◆ **PROBLEM TO WORK ON**: Leaving out the images, return the data below exactly as it is written.

Start of DATA BELOW

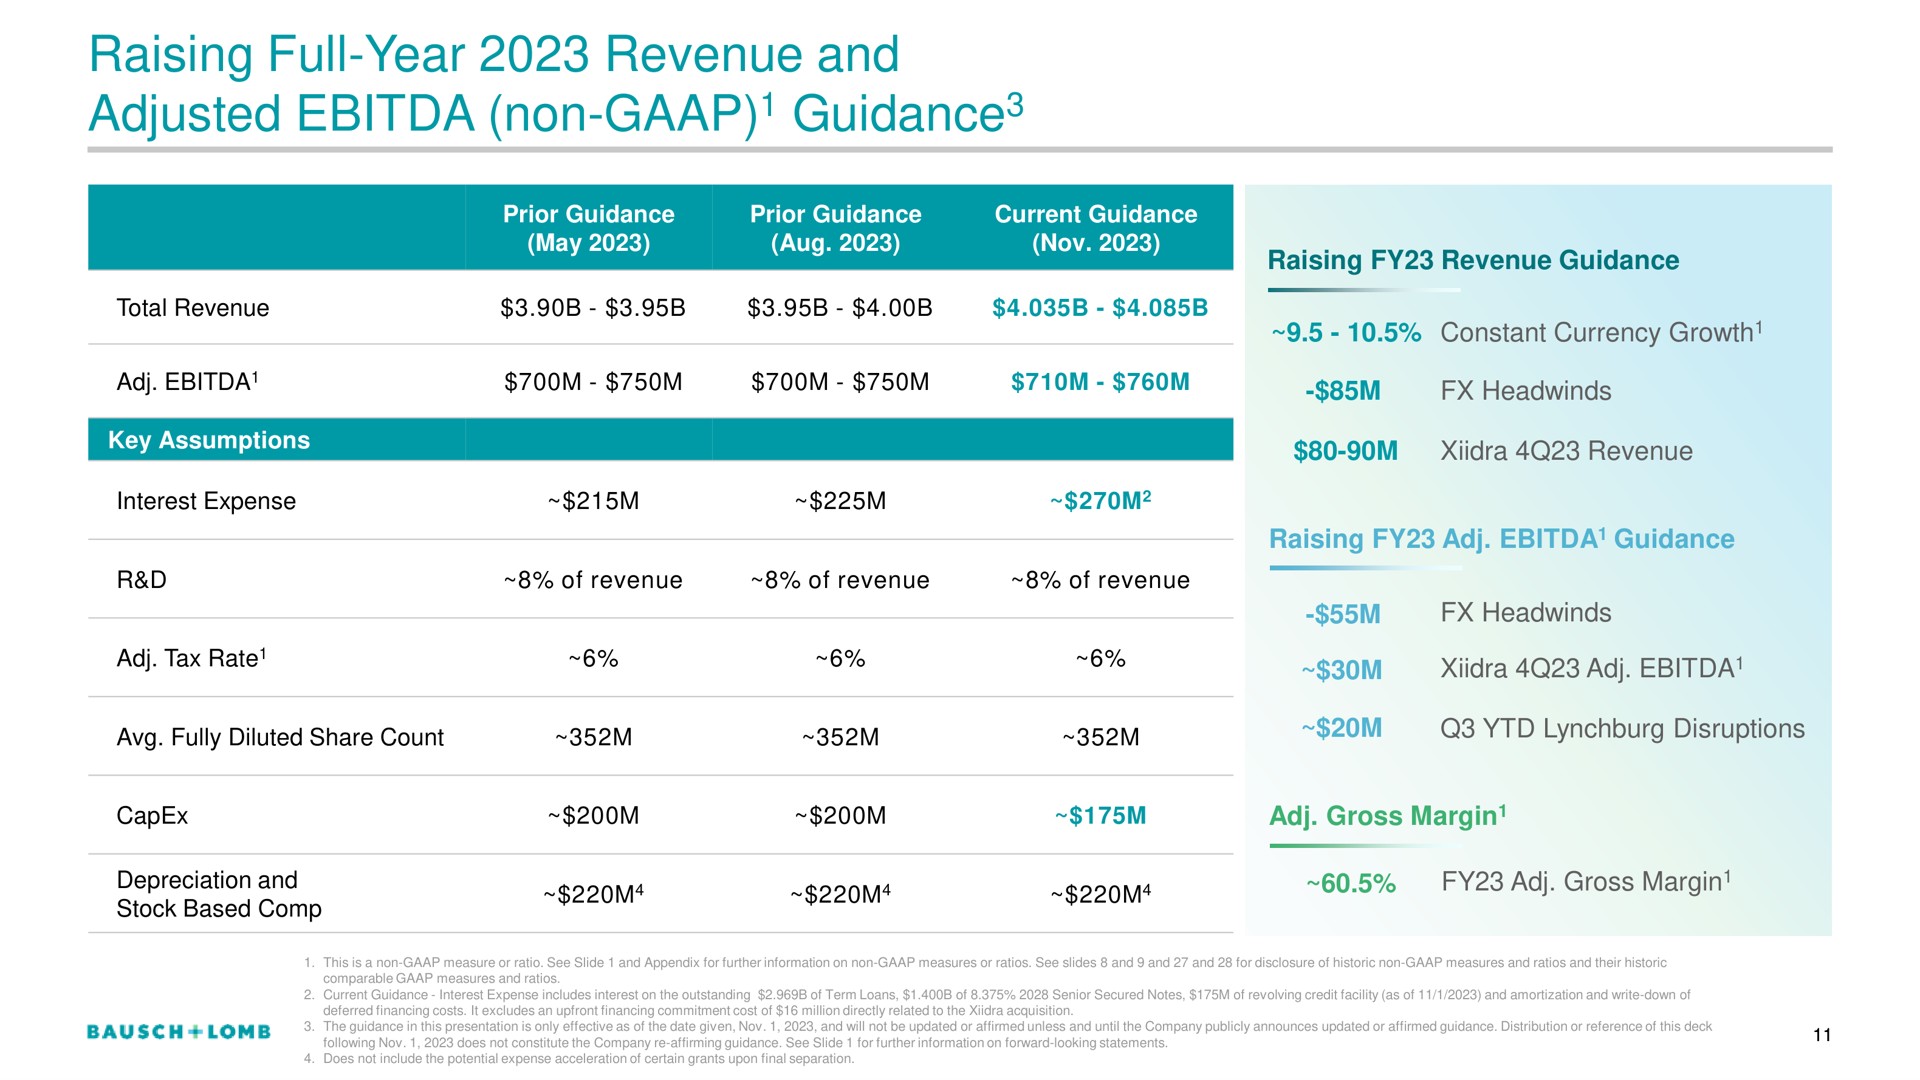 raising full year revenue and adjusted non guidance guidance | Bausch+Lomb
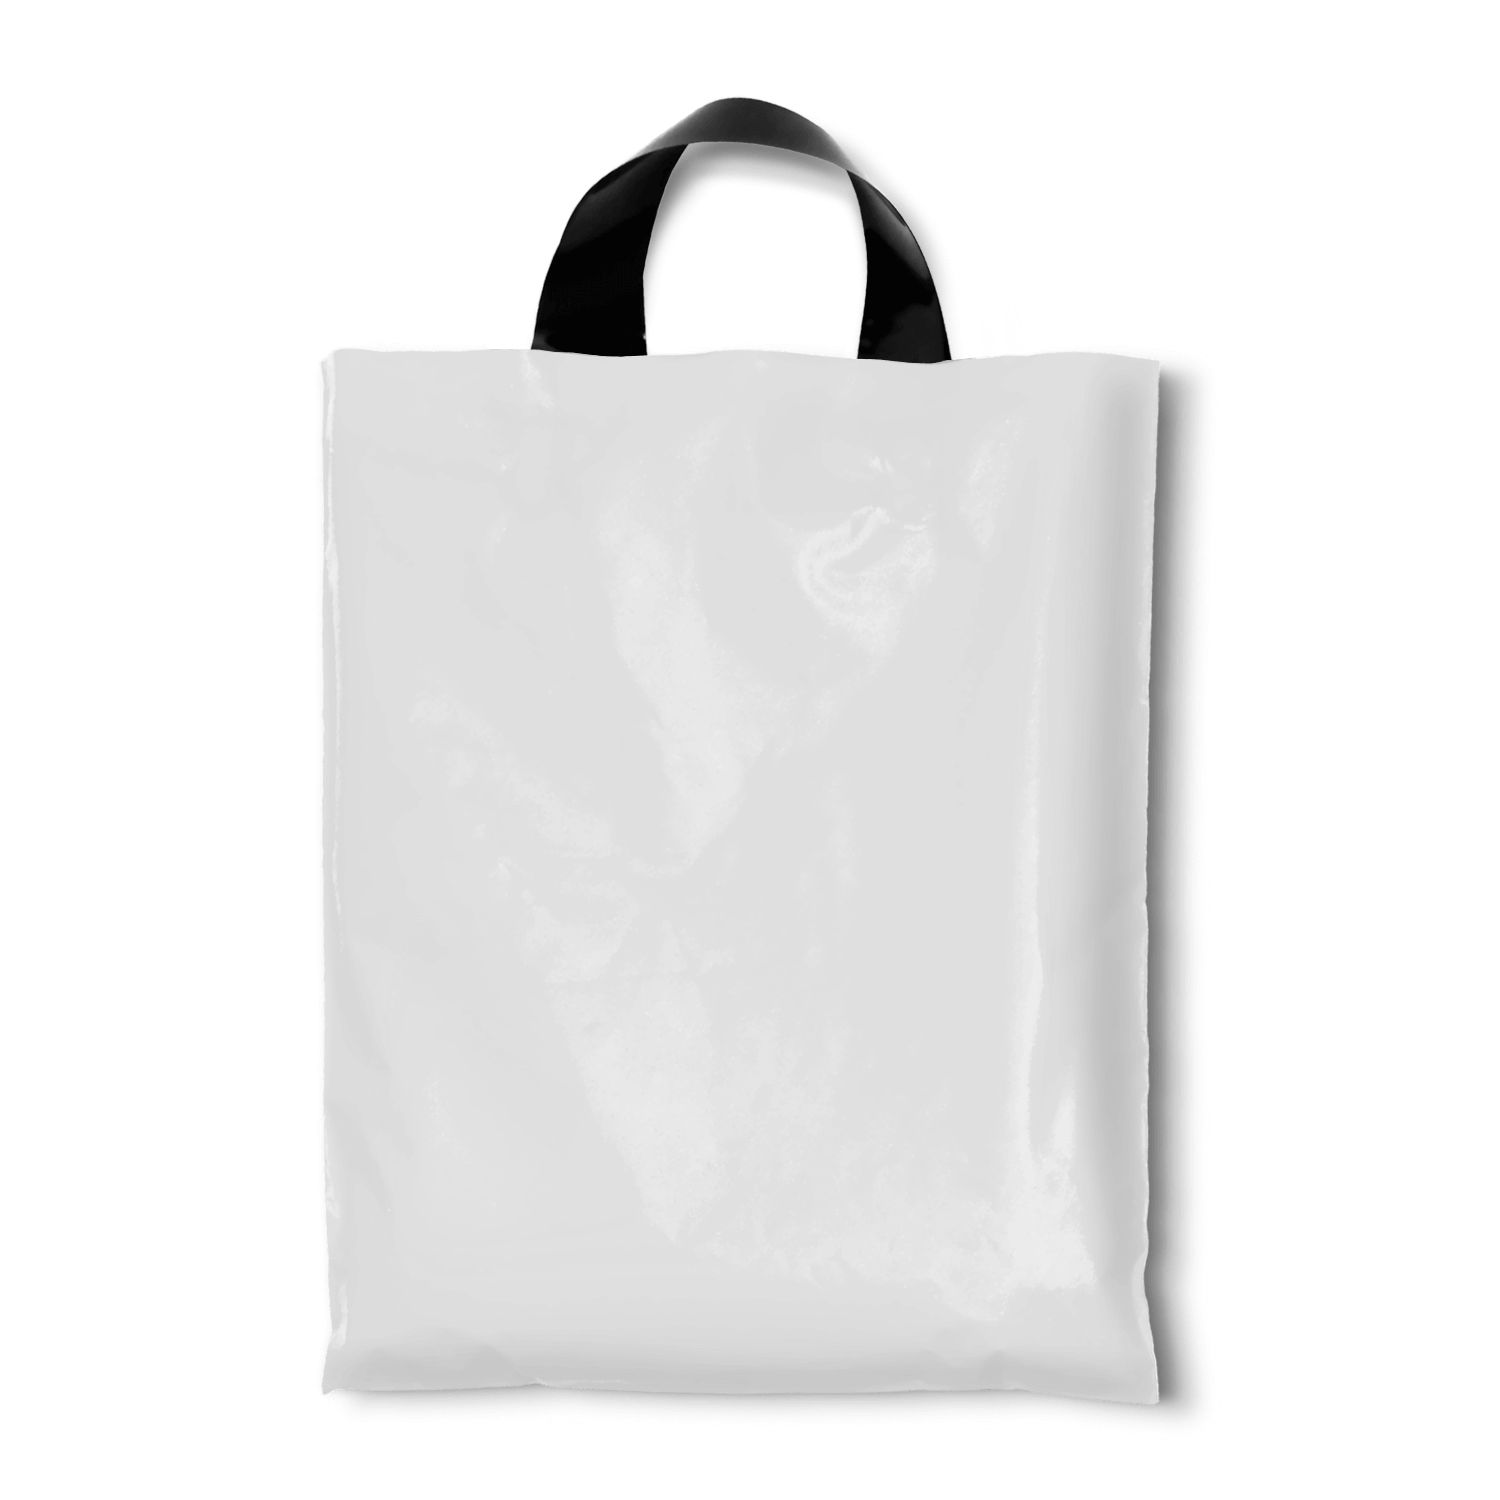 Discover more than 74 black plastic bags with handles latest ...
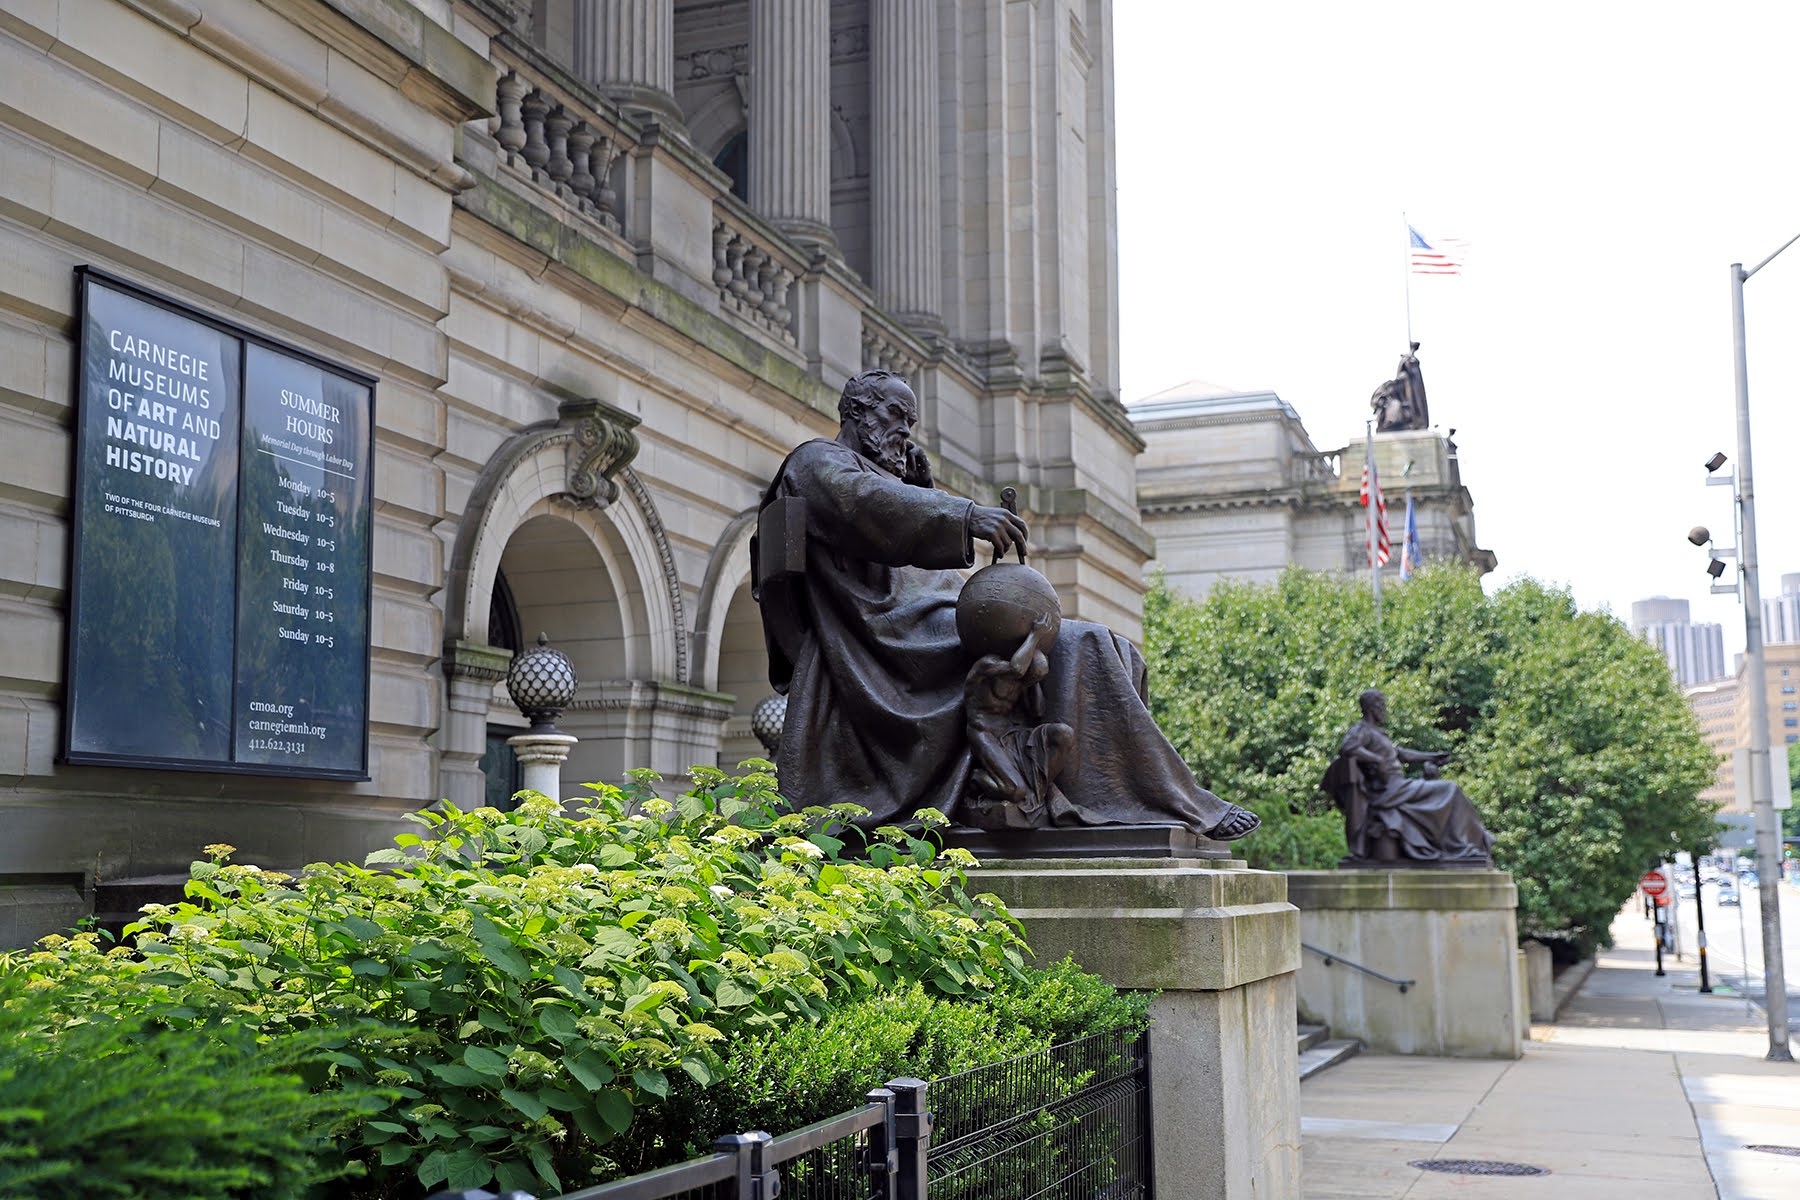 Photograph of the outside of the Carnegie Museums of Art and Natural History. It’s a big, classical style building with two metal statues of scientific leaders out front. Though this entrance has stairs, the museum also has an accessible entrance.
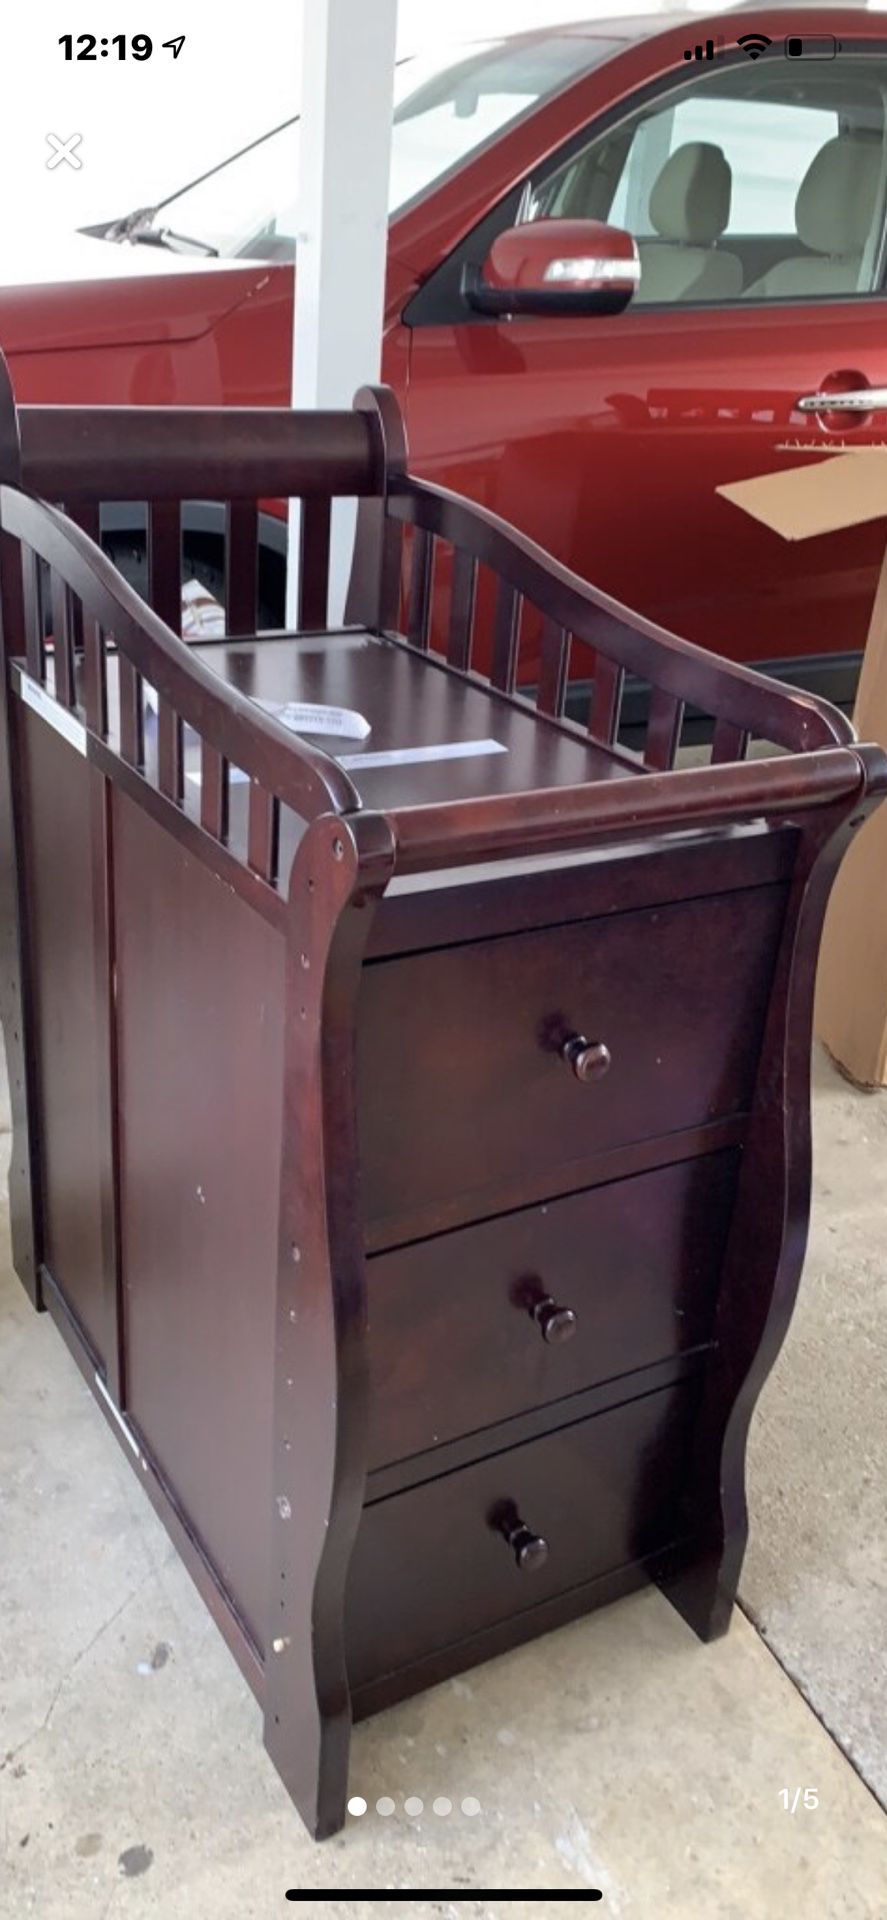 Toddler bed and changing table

End of DATA BELOW

◆ **FINISHED TASK**:
 raising full year revenue and adjusted non guidance guidance | Bausch+Lomb
 Discover more than 74 black plastic bags with handles latest ...
 Photograph of the outside of the Carnegie Museums of Art and Natural History. It’s a big, classical style building with two metal statues of scientific leaders out front. Though this entrance has stairs, the museum also has an accessible entrance.
 Toddler bed and changing table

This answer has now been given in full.